Diagnosis of EAS relies on dynamic testing including inferior petrosal sinus sampling (IPSS) and high dose dexamethasone suppression, as well as localizing imaging modalities. IPSS is the gold standard for distinguishing pituitary versus ectopic ACTH sources, especially if MRI of the pituitary reveals an adenoma less than 6 mm in diameter (8). In our case, pituitary MRI revealed an empty sella and clinical presentation was consistent with an ectopic ACTH source. As markedly elevated ACTH levels also point to a diagnosis of EAS (9), we did not pursue IPSS and proceeded to perform a CT of the chest which revealed a 7 cm mediastinal mass.
Empty sella may theoretically have occurred due to pituitary hypoplasia as a result of strong negative glucocorticoid feedback from EAS. However, the presence of an empty sella does not preclude the diagnosis of pituitary Cushing’s disease and appropriate testing should be pursued if the suspicion for a pituitary ACTH source is high (10,11).

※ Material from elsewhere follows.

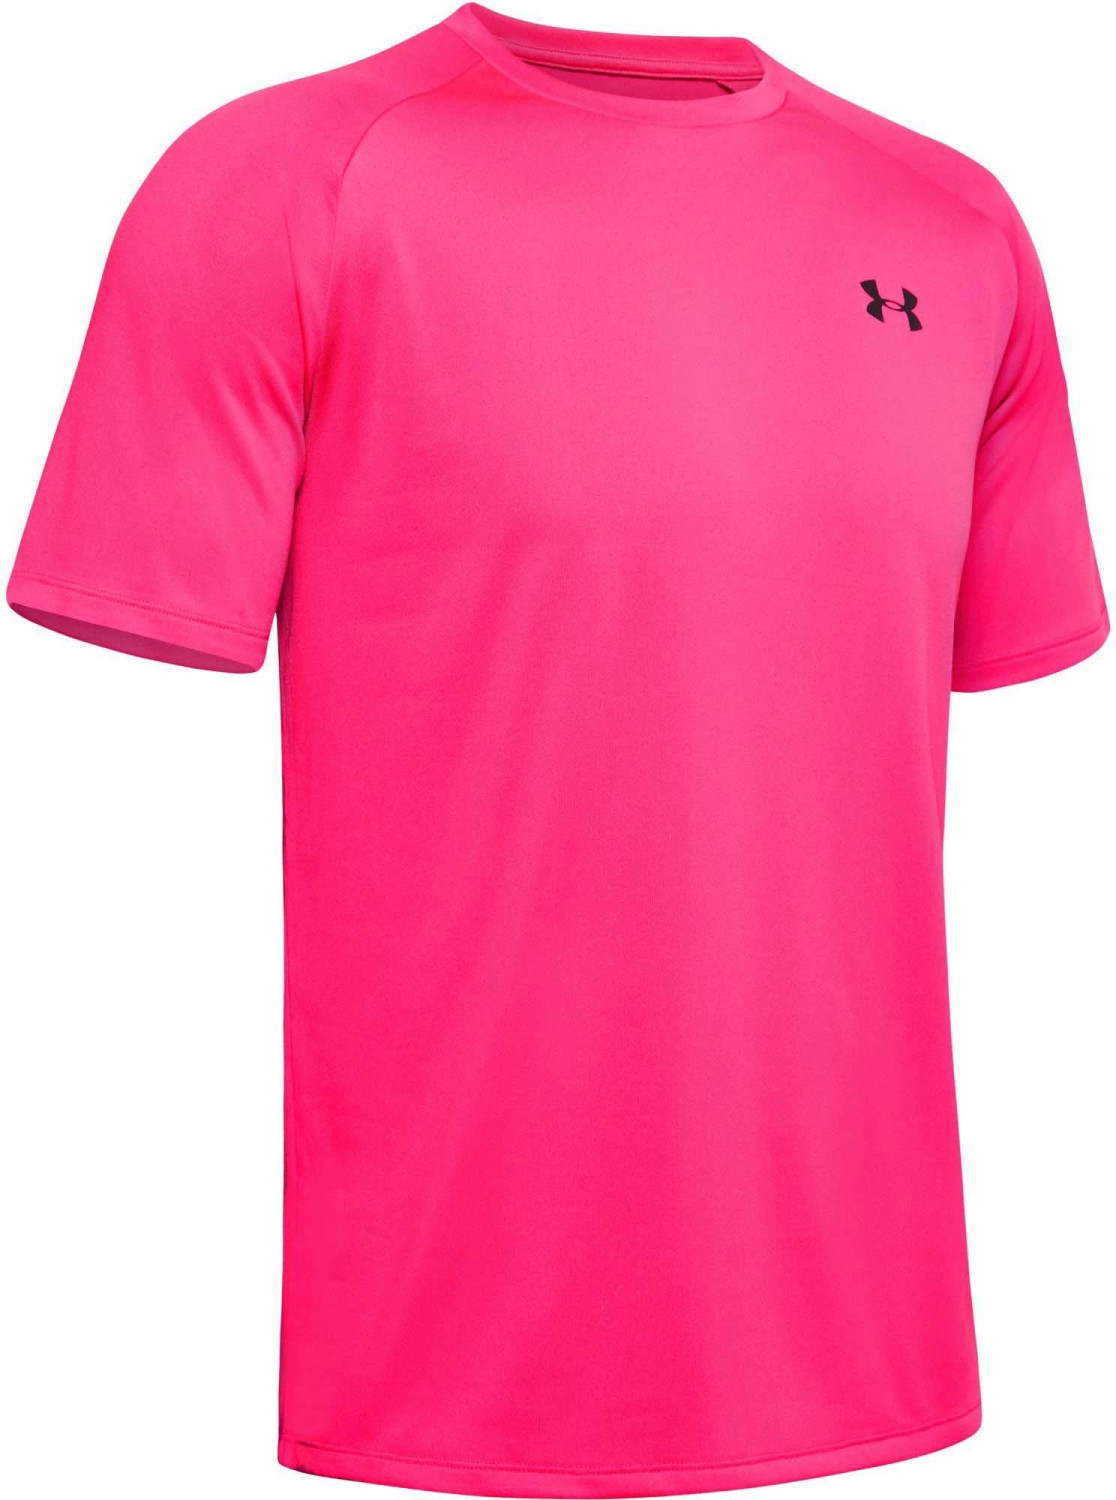 Buy Under Armour Men T-Shirt UA Tech Short Sleeve pink (687) from £21. ...

The mainstay of treatment for thymic carcinoid tumors is surgical resection (12). Our patient achieved excellent response with video assisted thoracoscopic surgery (VATS), including complete clinical response and no evidence of residual tumor three months after surgery. Comparison of long term outcomes for VATS and median sternotomy in treating thymic carcinoid tumor is lacking, but long term effectiveness has been reported in treatment of early stage thymoma (13). The early favorable therapeutic response of this patient favors the use of VATS as a safe and effective surgical approach by an experienced surgeon, even in the setting of a very large tumor.
Pre-operative medical management of Cushing’s syndrome is crucial to prevent life-threatening complications. Treatment options include steroidogenesis inhibitors such as ketoconazole or metyrapone, and glucocorticoid receptor antagonists such as mifepristone, which can be used solely or in combination (14). Molecular targeted therapies studied as a potential therapeutic option include gefitinib targeting epidermal growth factor receptor (EGFR), and R-roscovitine targeting the ACTH secreting tumor (15–17).
Urinary cortisol levels improved markedly shortly after initiation of ketoconazole monotherapy; however, symptoms of hypokalemia and hyperglycemia persisted.
Thymic carcinoid, especially associated with EAS, shows worse prognosis and has a higher chance of recurrence compared to other neuroendocrine tumors (1). Despite the excellent surgical response, our patient remains at high risk for tumor recurrence.
Conclusion
EAS is a rare form of Cushing’s syndrome that can present with suggestive clinical findings and unique endocrine gland associations as presented here. Though medical management is an important temporizing measure, medical monotherapy is seldom effective in disease control. Surgery is the mainstay of treatment and VATS may be a less invasive and preferred approach.